- GIVEN INFORMATION:
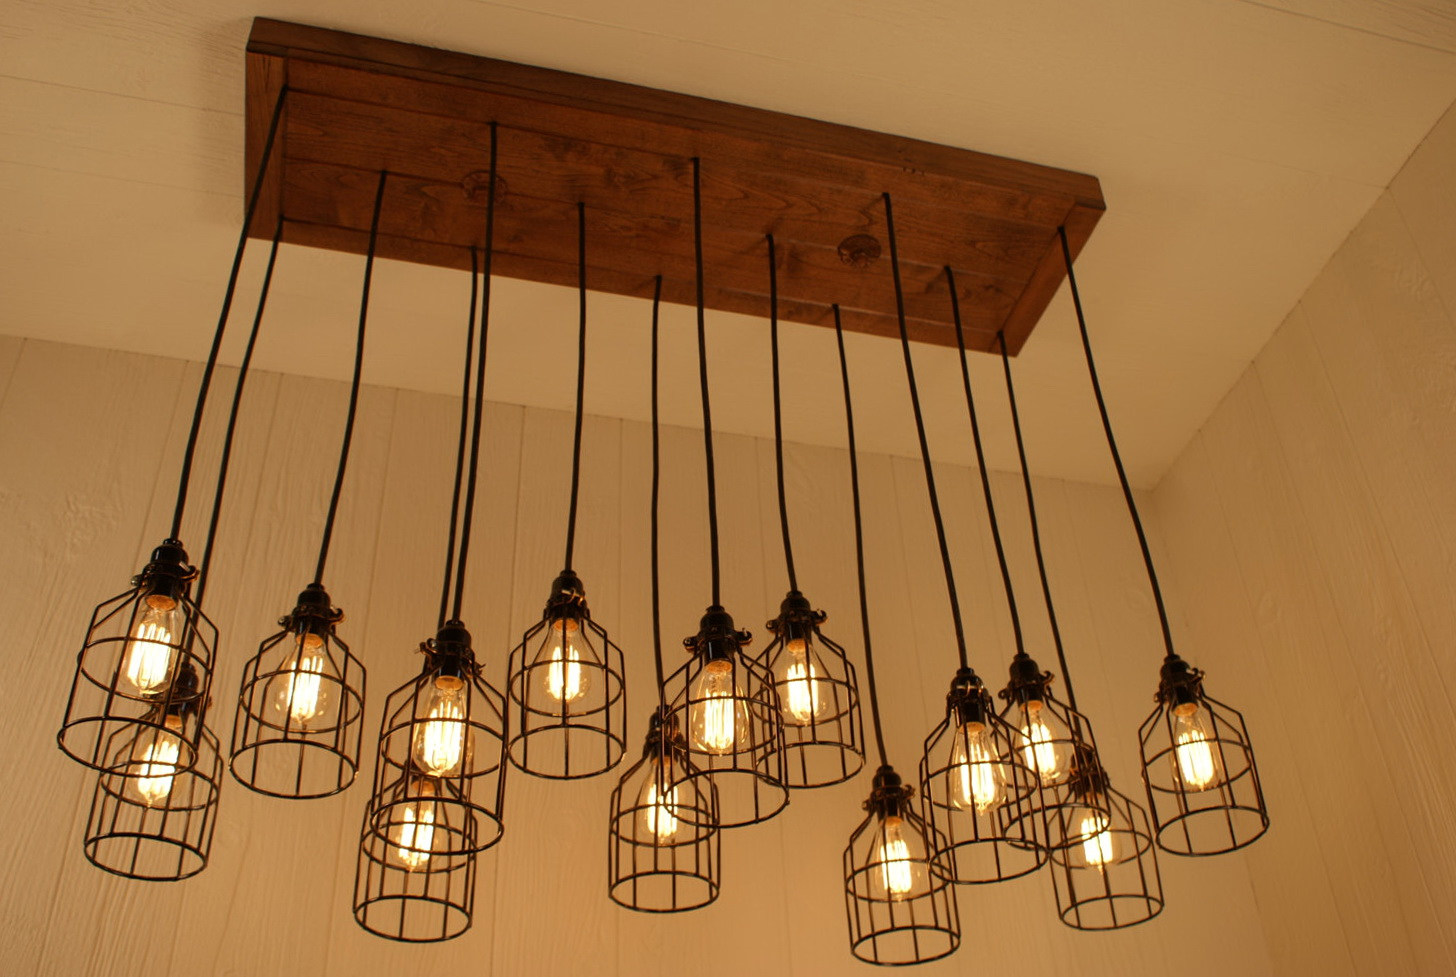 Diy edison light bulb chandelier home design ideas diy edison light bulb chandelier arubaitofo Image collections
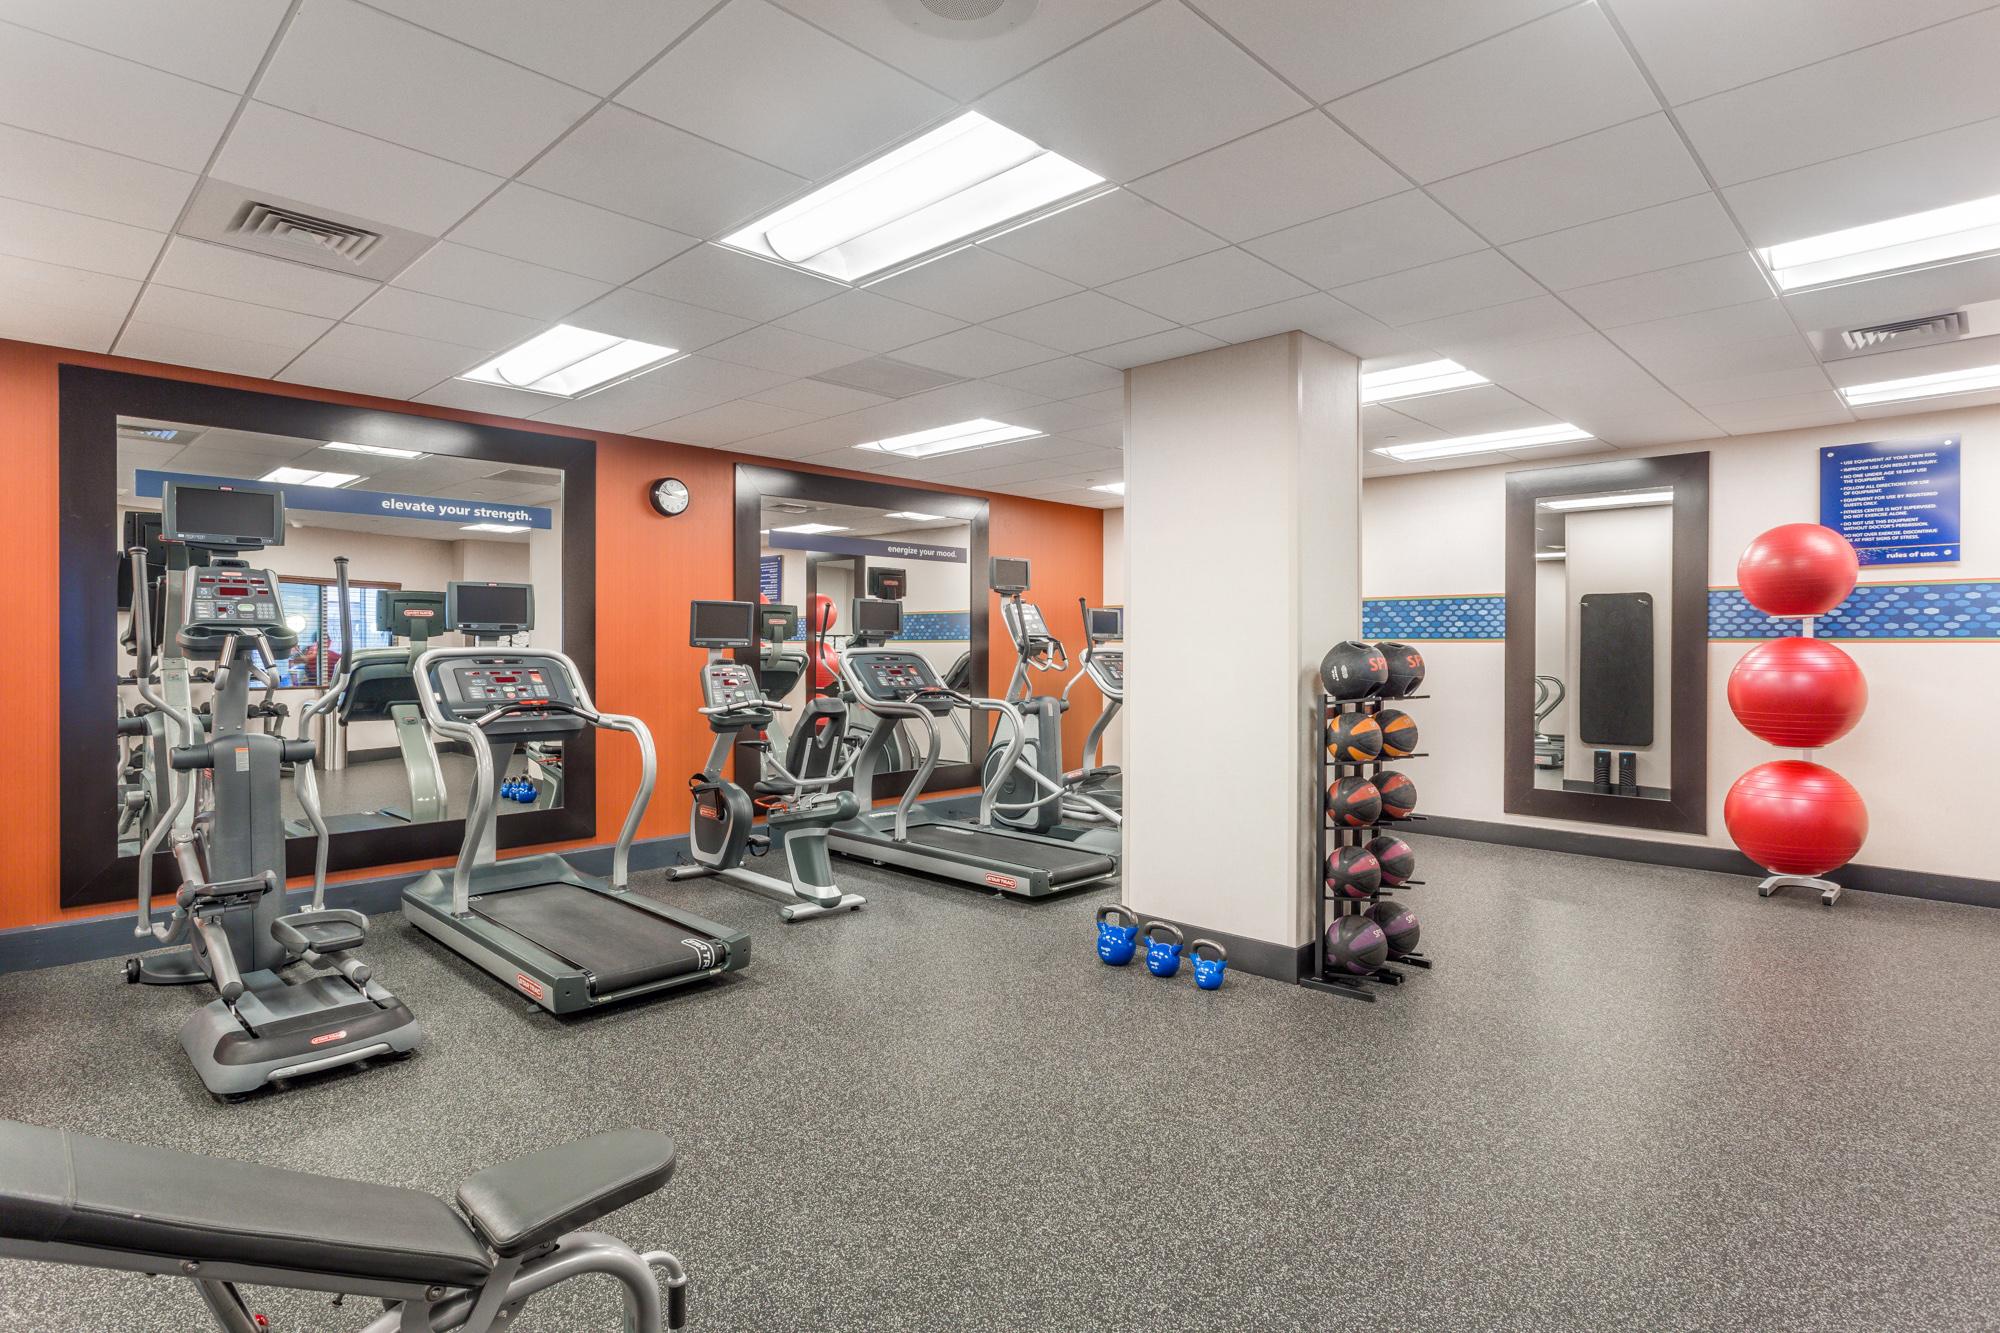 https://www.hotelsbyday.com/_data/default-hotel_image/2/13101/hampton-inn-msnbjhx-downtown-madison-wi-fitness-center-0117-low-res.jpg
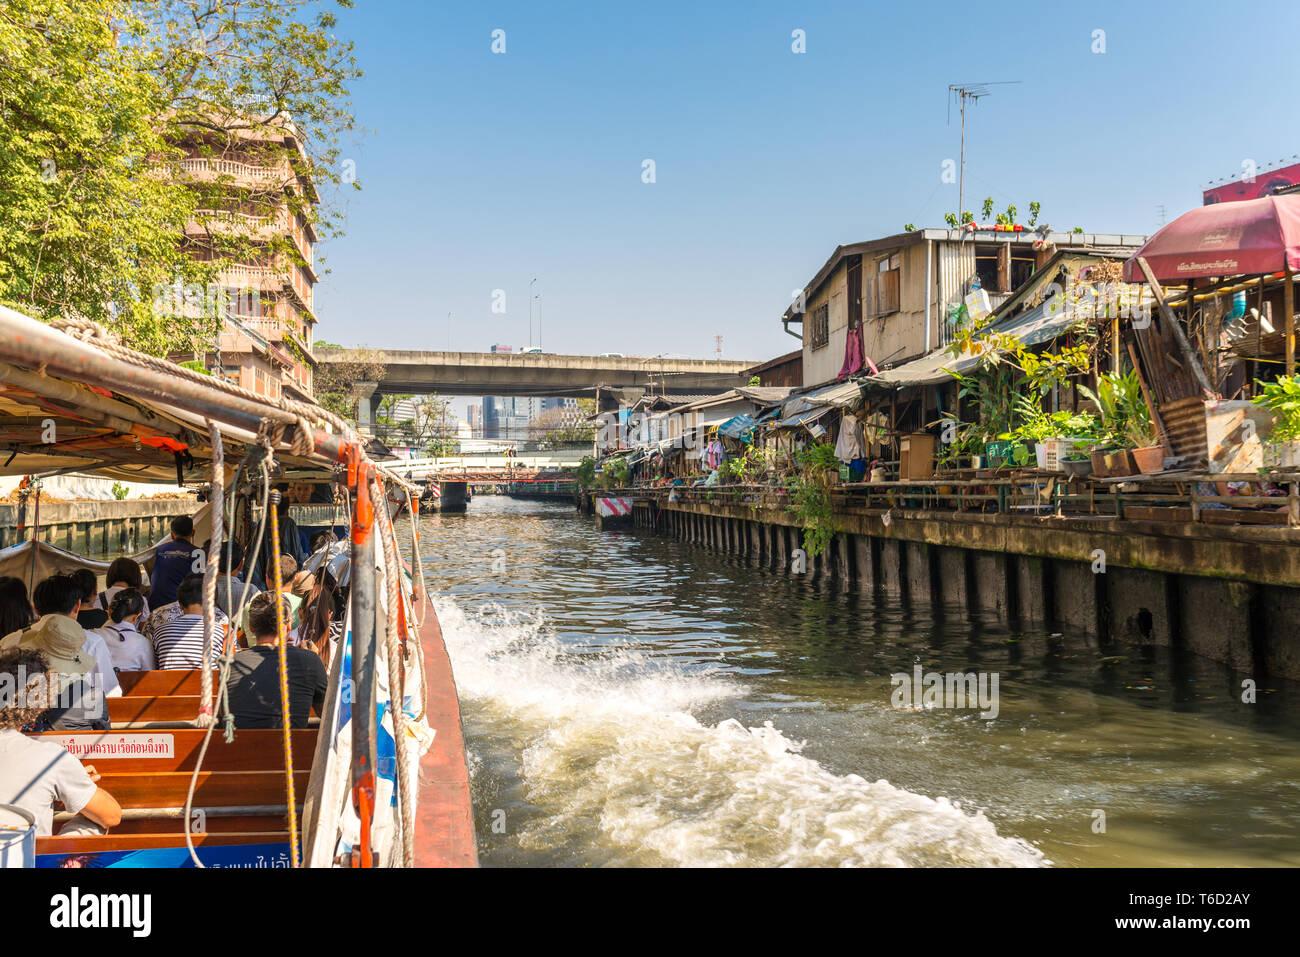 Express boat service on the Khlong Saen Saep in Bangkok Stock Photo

- TASK STATEMENT:
The result should be the material above, unchanged and free of pictures; please print it.

- RESPONSE:
 Diy edison light bulb chandelier home design ideas diy edison light bulb chandelier arubaitofo Image collections
 https://www.hotelsbyday.com/_data/default-hotel_image/2/13101/hampton-inn-msnbjhx-downtown-madison-wi-fitness-center-0117-low-res.jpg
 Express boat service on the Khlong Saen Saep in Bangkok Stock Photo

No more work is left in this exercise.